6. The electric device according to claim 1, wherein the function executer executes an image forming function to form images.

7. A method of controlling an electric device that communicates with a voice recognition server recognizing a voice command input by a user through an external voice input/output device and executes a predetermined function corresponding to the voice command according to a command from the voice recognition server, the method comprising:

communicating with the voice recognition server and receiving a command to execute a function corresponding to the voice command from the voice recognition server;

detecting an execution state of the function;

executing the function; and

outputting a message related to the execution state of the function,

wherein, when the command to execute the function is received from the voice recognition server in the receiving, the execution state of the function is detected in the detecting and, if it is detected that the function is executable, the function is executed in the executing, and

wherein, if it is detected in the detecting that the function is not executable, the message related to the execution state of the function is output in the outputting.

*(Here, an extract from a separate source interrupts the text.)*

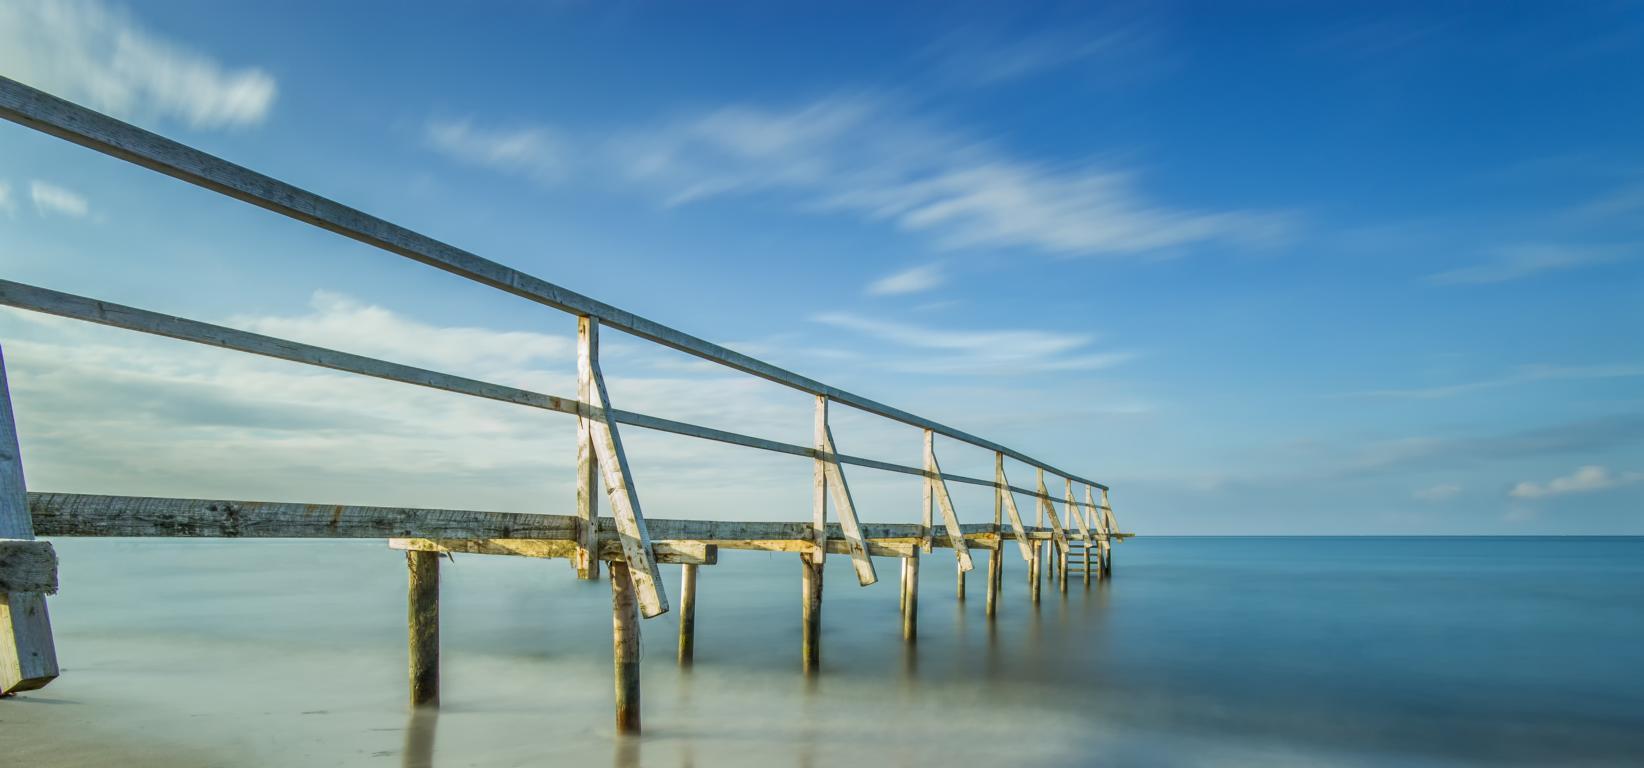 Brücke in den Horizont

8. A non-transitory recording medium storing a control program for an electric device that communicates with a voice recognition server recognizing a voice command input by a user through an external voice input/output device and executes a predetermined function corresponding to the voice command according to a command from the voice recognition server, the control program causing a processor of the electric device to execute:

a communication process for communicating with the voice recognition server and receiving a command to execute a function corresponding to the voice command from the voice recognition server;

an execution state detection process for detecting an execution state of the function;

a function execution process for executing the function; and

a message output process for outputting a message related to the execution state of the function,

wherein, when the command to execute the function is received from the voice recognition server in the communication process, the execution state of the function is detected in the execution state detection process and, if it is detected that the function is executable, the function is executed in the function execution process, and

wherein, if it is detected in the execution state detection process that the function is not executable, the message related to the execution state of the function is output in the message output process.